Questo principio è stato per ovvie ragioni regolamentato nelle democrazie moderne dotate di una carta costituzionale che pone dei limiti alla volontà popolare. Potremmo prendere ad esempio l’Art.75 della nostra Costituzione che di fatti impedisce alla maggioranza di poter deliberare tramite referendum abrogativo “le leggi tributarie e di bilancio, di amnistia e di indulto, di autorizzazione a ratificare trattati internazionali”.

Al di là della provocazione intellettuale lanciata da Rothbard, vi è un modo decisamente corretto e moderato di esprimere un dissenso nei confronti del sistema, che spesso le istituzioni non riconoscono tale. Come scrive Adriano Gianturco Gulisano nel suo interessante saggio “La fenomenologia del non voto e del voto no nelle elezioni politiche ed europee” (inserito in “Election Day, Votare tutti e tutto assieme fa bene alla democrazia?”, Luiss University Press, Roma, 2010), le istituzioni attuano una banale quanto ingiusta semplificazione che pone sullo stesso piano le schede elettorali da considerarsi nulle e quelle lasciate in bianco.

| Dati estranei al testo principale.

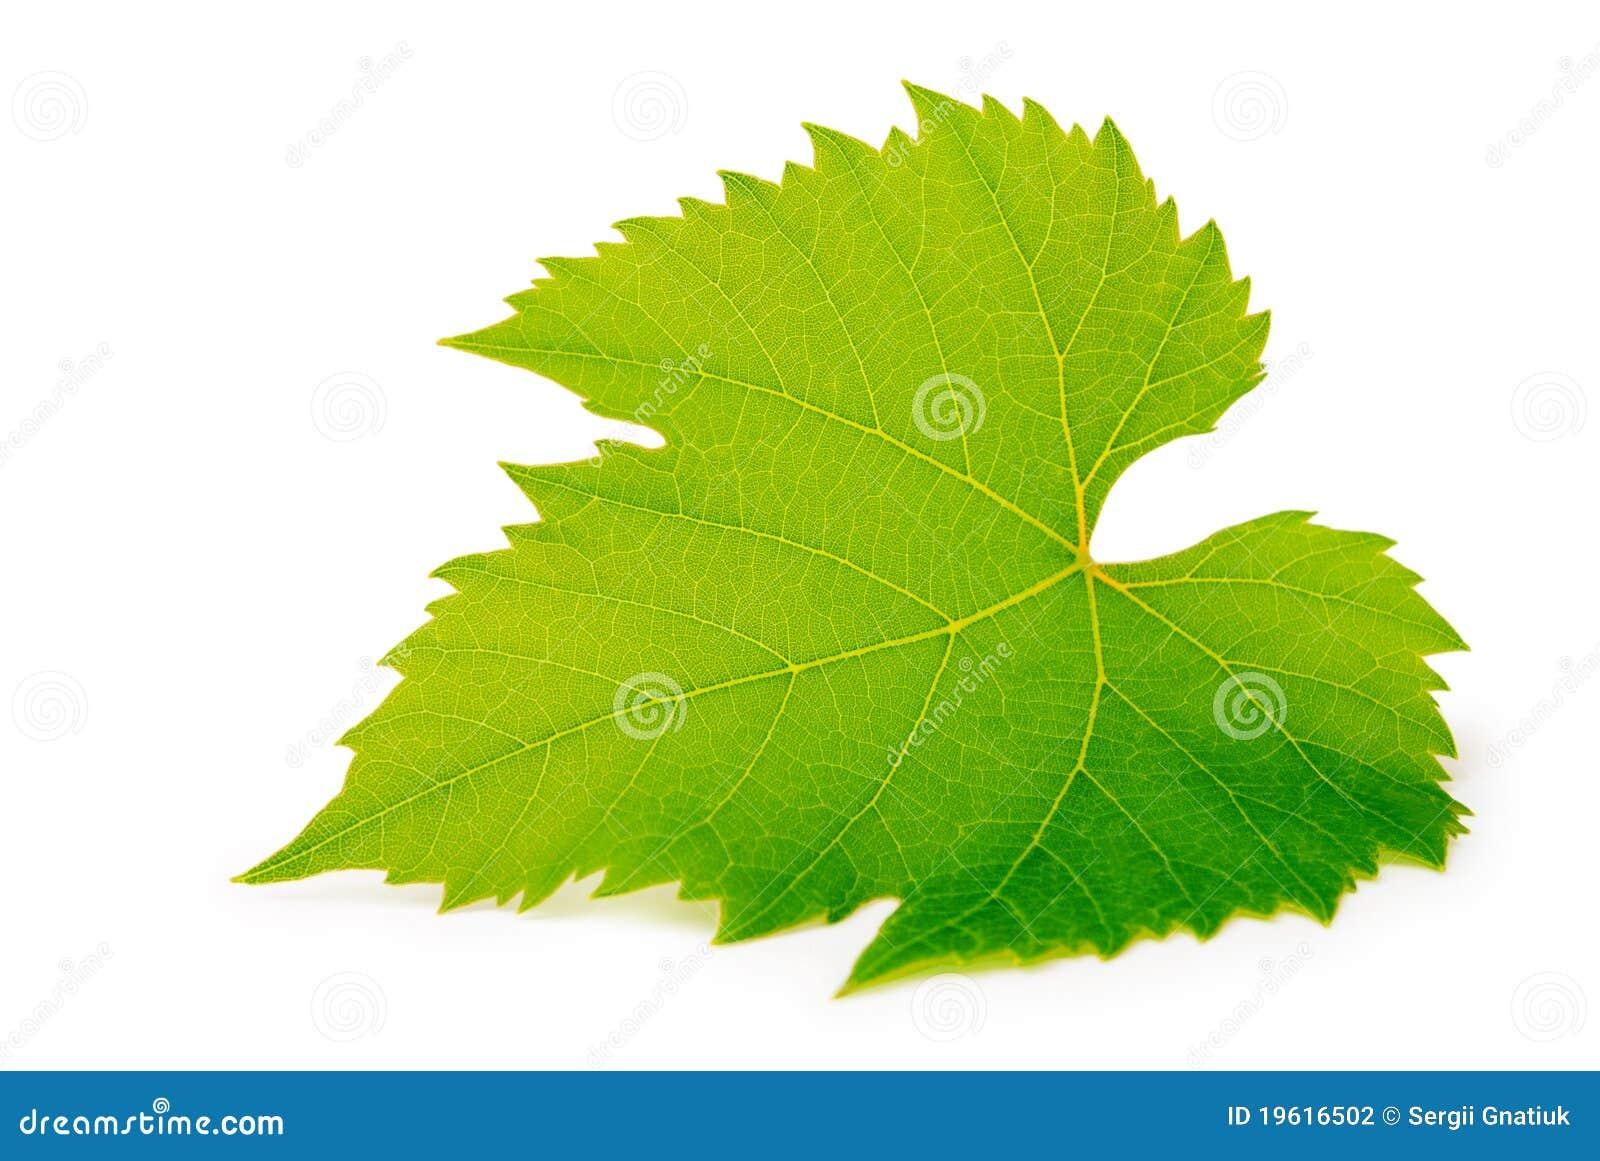 Download Grape leaf stock photo. Image of harvest, background - 19616502

La negligenza perpetrata durante gli spogli elettorali consiste dunque nel non comprendere che le schede bianche possono essere una conscia e volontaria manifestazione di dissenso messa in atto dagli elettori.

Come inoltre prosegue Gianturco Gulisano nel suo scritto, è difficile credere che un individuo si prenda la briga di recarsi alle urne per poi esprimere astensione consegnando una scheda vuota; tanto meno, aggiungerei, che una volta entrato in cabina si ricreda e opti per un non voto. La diffusa pratica dell’astensionismo dimostra la differenza teorizzata da Gianturco Gulisano tra il non voto e il voto no, ove per il primo concetto si intende appunto l’indecisione nella scelta dei candidati presentati o piuttosto l’indifferenza nei confronti di un elezione, mentre nel secondo caso la volontà dell’elettore di protestare apertamente contro il sistema vigente, il che giustificherebbe l’atto di recarsi alle urne altrimenti privo di significato.

L’intero dibattito nasce dalle ripercussioni che la mancanza della suddetta divisione ha sul risultato delle elezioni. Le schede bianche del voto no vengono infatti conteggiate allo stesso modo delle altre, per cui contribuiscono alla suddivisione del rimborso elettorale tra partiti, effettuato sull’ammontare totale degli aventi diritto al voto, e non su quanti hanno di fatto espresso una conscia e volontaria preferenza elettorale.
In occasione delle mid term elections statunitensi, lo stato del Nevada sembra essere giunto alle medesime conclusioni di Gianturco Gulisano in quella che egli stesso chiama pars costruens del già suo citato saggio. Come proposto anche dal politologo italiano, il Nevada ha inserito nella sua scheda elettorale una casella recante la dicitura “nessuno dei precedenti candidati”.

Sarebbe doveroso, nel rispetto della democrazia come libertà di scelta, inserire nella nuova legge elettorale a cui ha fatto appello il Presidente Fini, durante la Convention nazionale di Futuro e Libertà per l’Italia, un punto che tenga conto delle considerazioni effettuate e proponga delle modifiche in linea con i consigli di Gianturco Gulisano e l’esempio offertoci dagli americani.


Autore: Daniele Venanzi

Romano, studente di Scienze Politiche e Relazioni Internazionali alla Sapienza. Contributor di Libertiamo, Linkiesta, l'Occidentale e The Front Page; autore del blog Mercato & Libertà. È redattore di Disarming the Greens, blog che si occupa di questioni ambientali e green economy da una prospettiva di mercato. Nel 2011 ha tradotto l'appendice all'Autobiografia di Friedrich Von Hayek, edita da Rubbettino. È vincitore della Scuola di Liberalismo 2013 di Roma organizzata dalla Fondazione Einaudi, con tesina sulla public choice e la crisi del welfare state.

7 Responses to “Schede bianche, indifferenza o protesta? Una proposta per la nuova legge elettorale”

  1. giovanni scrive:

    Citare Rothbard in un sito che supporta la politica di chi promette piu’ tasse sul risparmio o peggio lo definisce rendita per poi promettere il finanziamento delle solite baronie mi sembra davvero una volgarità. Tipo marxisti che parlano di libertà

  2. Hai capito Daniele “Zarathustra”,

    citazionista, pungente e con la burbanza accademica di certi critici :-)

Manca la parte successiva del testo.